2. They ask you to do things and be things that you aren't

Are they suddenly asking you to fulfill some crazy fantasy? Or dress a certain way that's completely out of your style? Red flag.

3. They're on Tinder

Pretty self-explanatory. Nothing is more awkward than one of your friends matching with them.

4. They've become increasingly disinterested in you

Even though this doesn't for sure signal cheating (it could be your relationship dying, or a host of other reasons), it's important to pay attention to where their attention is—or isn't—in your relationship.

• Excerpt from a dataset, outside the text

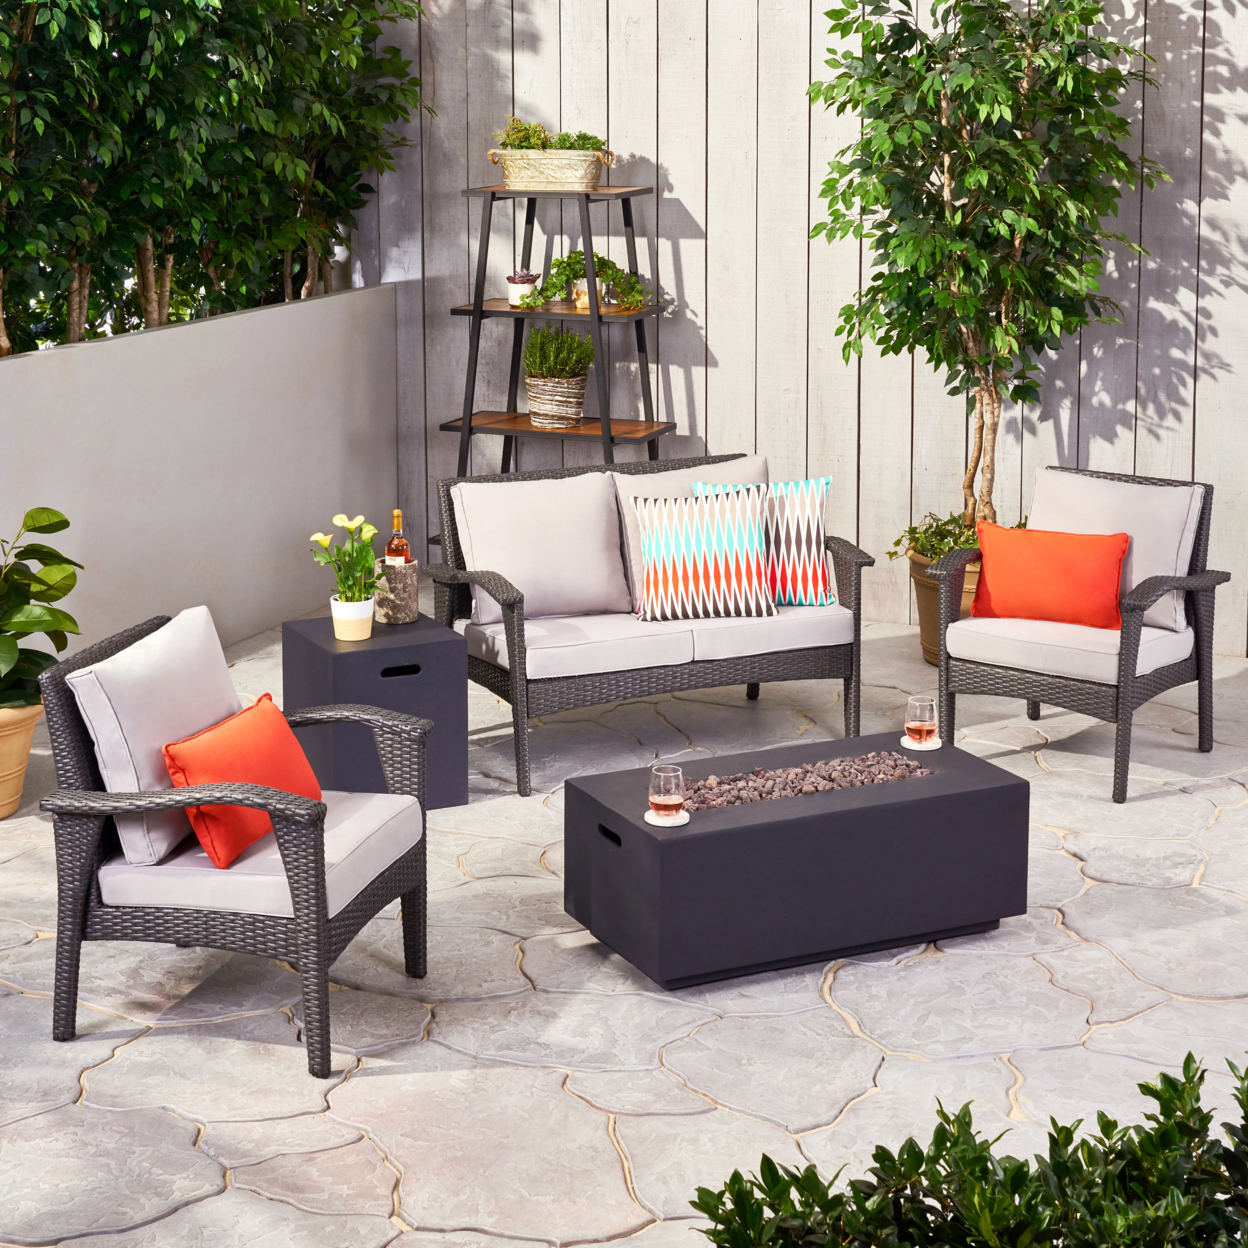 Deborah Outdoor 4 Seater Wicker Chat Set With Fire Pit - Gray + Light Gray + Dark Gray

5. Lies have been adding up

Even if they're little white lies, a constant habit of lying from you or keeping things from you is a major red flag. It shows that your partner is accustomed to deceiving you.

6. They're really secretive or vague about their plans

Not sure what they've been doing after class or on the weekends lately? And they won't tell you? Hmm.

7. They stop posting about you completely on social media or untag themselves in your posts

Not everyone is big on social media, but if your boo is and has been throughout your relationship, and suddenly stops, that's sus.

8. There's a general sense that you aren't close anymore, for no apparent reason

Pretty broad, but if your gut is telling you that something's up, and you can't think of a good reason why, it's probably time to confront your S.O. about it.